Parmi les facteurs évoqués pour expliquer cette difficile conjoncture, figure la chute des prix des matières premières dont le pétrole où un léger rebond a été enregistré après une décision prise par les pays membres de l’Organisation des pays exportateurs de pétrole (OPEP) à Alger (Algérie) pour un accord sur le gel de leur production en vue de permettre une remontée des cours.

A la question de savoir si une amélioration des perspectives économiques est envisageable pour l’Afrique, Céline Allard répond : “C’est vrai, les pays de l’OPEP ont commencé à en parler et envisagent de réduire l’offre de pétrole. Ceci dit, ce que je voudrais souligner, c’est qu’on a aussi un développement plus structurel avec une augmentation de l’offre, en particulier en Amérique du Nord qui maintient l’offre très élevée, avec une demande aussi qui est faible”.

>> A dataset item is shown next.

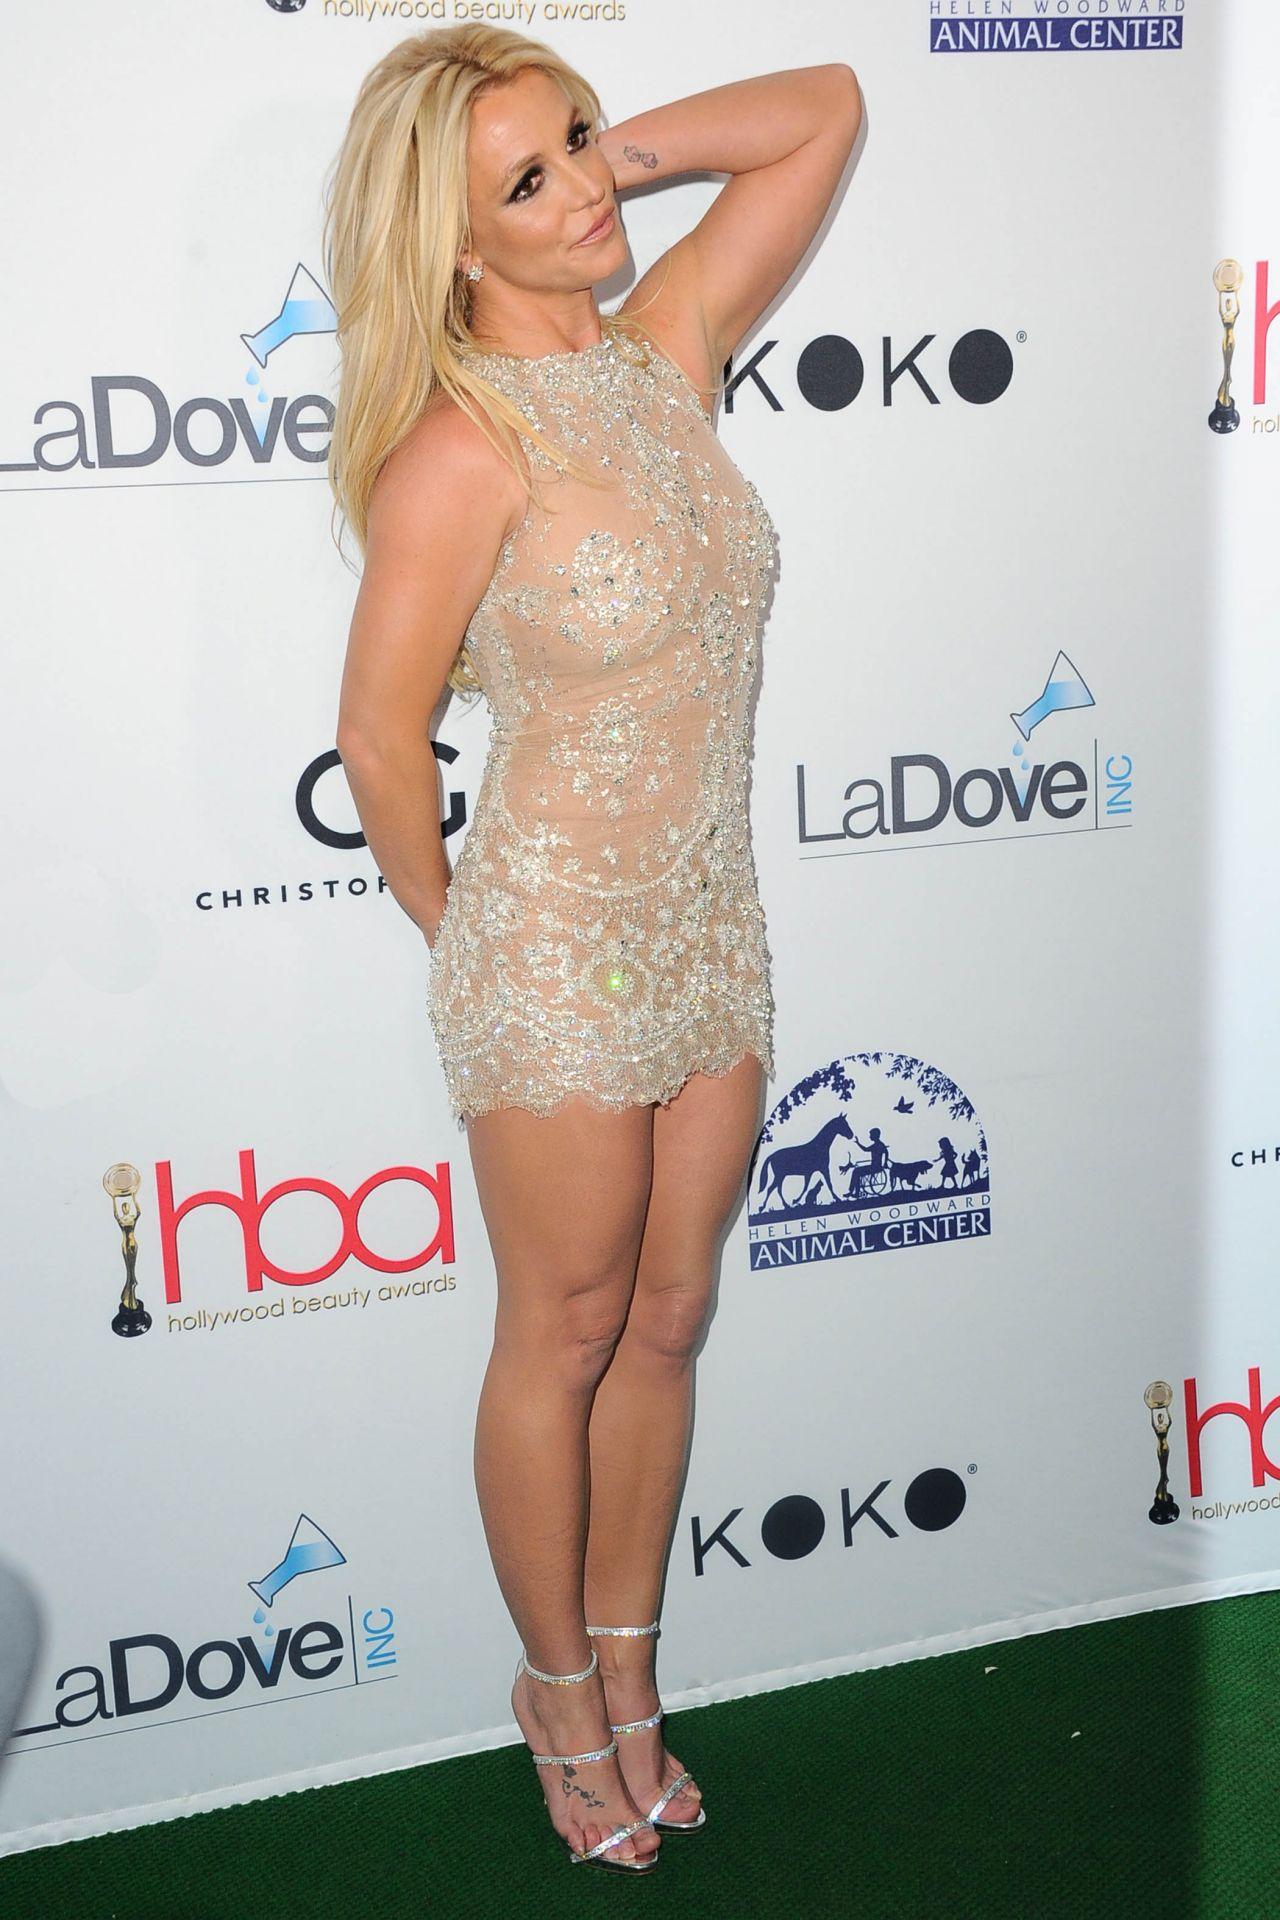 Britney Spears photo 7844 of 7985 pics, wallpaper - photo ... бритни спирс сейчас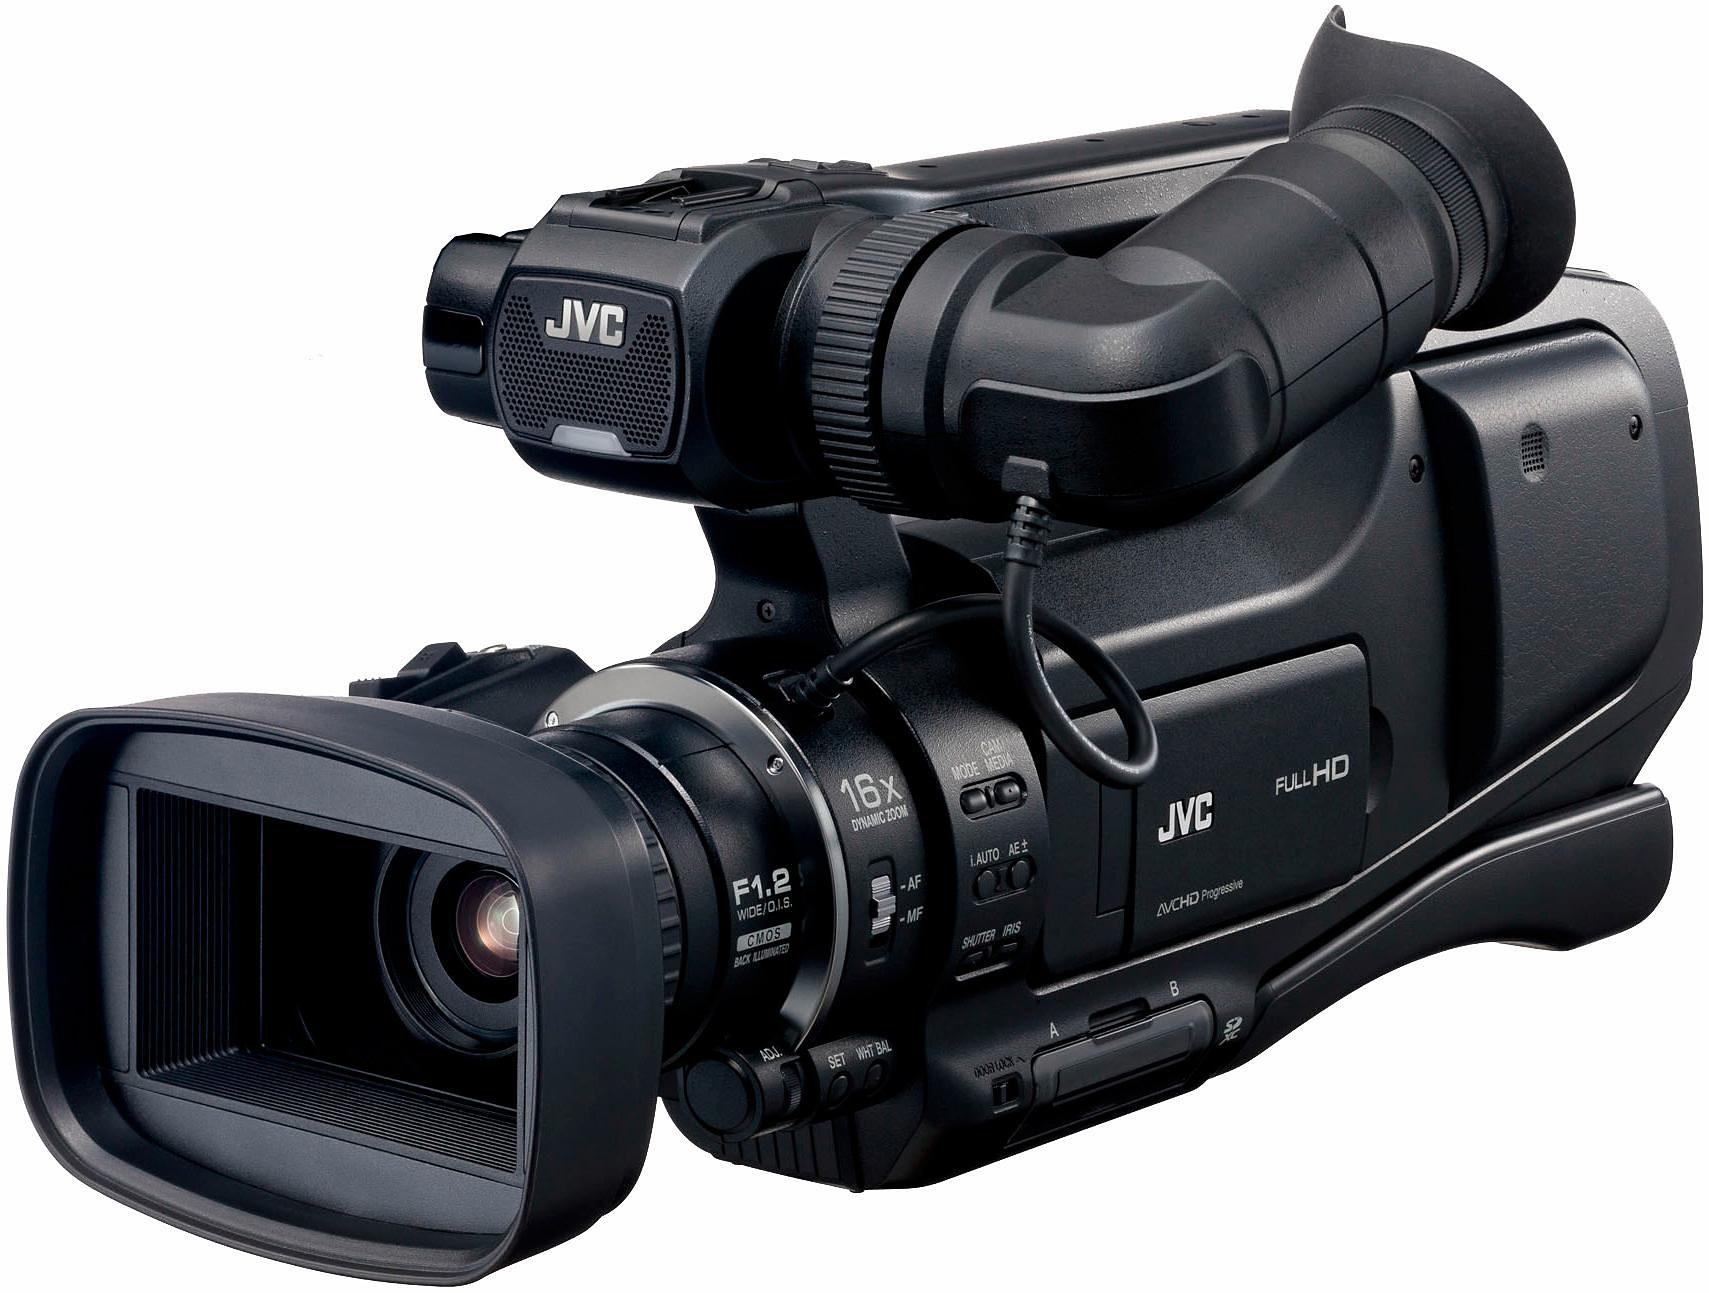 JVC GY-HM70E 1080p (Full HD) Camcorder

“Nous prévoyons en effet une situation où les prix des matières premières ne vont pas remonter au niveau qu’ils ont connu encore au début de la décennie 2010. C’est pour cela que nous appelons les pays d’Afrique subsaharienne les plus touchés à réagir de manière très urgente”, poursuit-elle.

Pour pouvoir atténuer les effets de la crise, la plupart des pays africains ont entrepris des réformes structurelles et économiques.

Mais de l’avis de cette économiste, “ces réactions étaient en général tardives et incomplètes. Et donc de ce fait ce à quoi on assiste actuellement, c’est du fait de ce retard de réactions un entérinement du ralentissement de la croissance qui s’étale et maintenant qui affecte toutes les sources de demande des pays, l’intégralité de l’économie”.

Par exemple, “on le voit au Nigeria où c’est non seulement les secteurs qui sont reliés au pétrole, mais aussi le secteur manufacturier, la construction, les services qui commencent à être affectés, avec le ralentissement que l’on sait. Donc, ces politiques sont efficaces. Encore faut-il qu’elles soient mises en place de manière urgente”.

Pour le chef de la division des études du département Afrique du FMI, “c’est pour cela que nous appelons à une réaction urgente de la mise en place de mesures qui se renforcent les unes les autres. Dans un premier lieu, laisser les taux de change absorber complètement les pressions extérieures dans les pays qui ne sont pas en union monétaire”.

Une autre recommandation préconise de “resserrer la politique monétaire là où l’inflation ne puisse augmenter et en dernier lieu rétablir les équilibres budgétaires qui ont été beaucoup mis à mal par la baisse des prix des matières premières, tout en mobilisant mieux les recettes non pétrolières et non reliées aux matières premières et en préservant bien sûr les dépenses qui sont ciblées pour les fragments de la population les plus vulnérables”.

Du Sahel à la zone du lac Tchad jusqu’à la Corne de l’Afrique, le terrorisme pose un défi majeur à relever par les pays du continent.

Concernant le soutien attendu de la communauté internationale pour lutter contre ce phénomène, l’économiste française déclare qu’au FMI “nous sommes tout à fait conscients que le terrorisme représente pour les pays qui sont touchés un défi très important, en termes de pertes humaines bien sûr, mais aussi en termes de leur impact économique, de l’incertitude que cela crée en termes de production agricole ou d’investissements”.

Avec les pays touchés, “nous discutons toujours, précise-t-elle, de la possibilité de dégager des marges de manœuvre potentielles pour faire face au niveau budgétaire aux dépenses supplémentaires que ce défi implique et voire augmenter notre apport financier quand cela est nécessaire”.

“Par exemple dans des pays où nous avons un soutien financier comme le Mali, le Niger ou le Tchad, ce sont des discussions que nous avons de manière très forte avec les autorités”, indique-t-elle.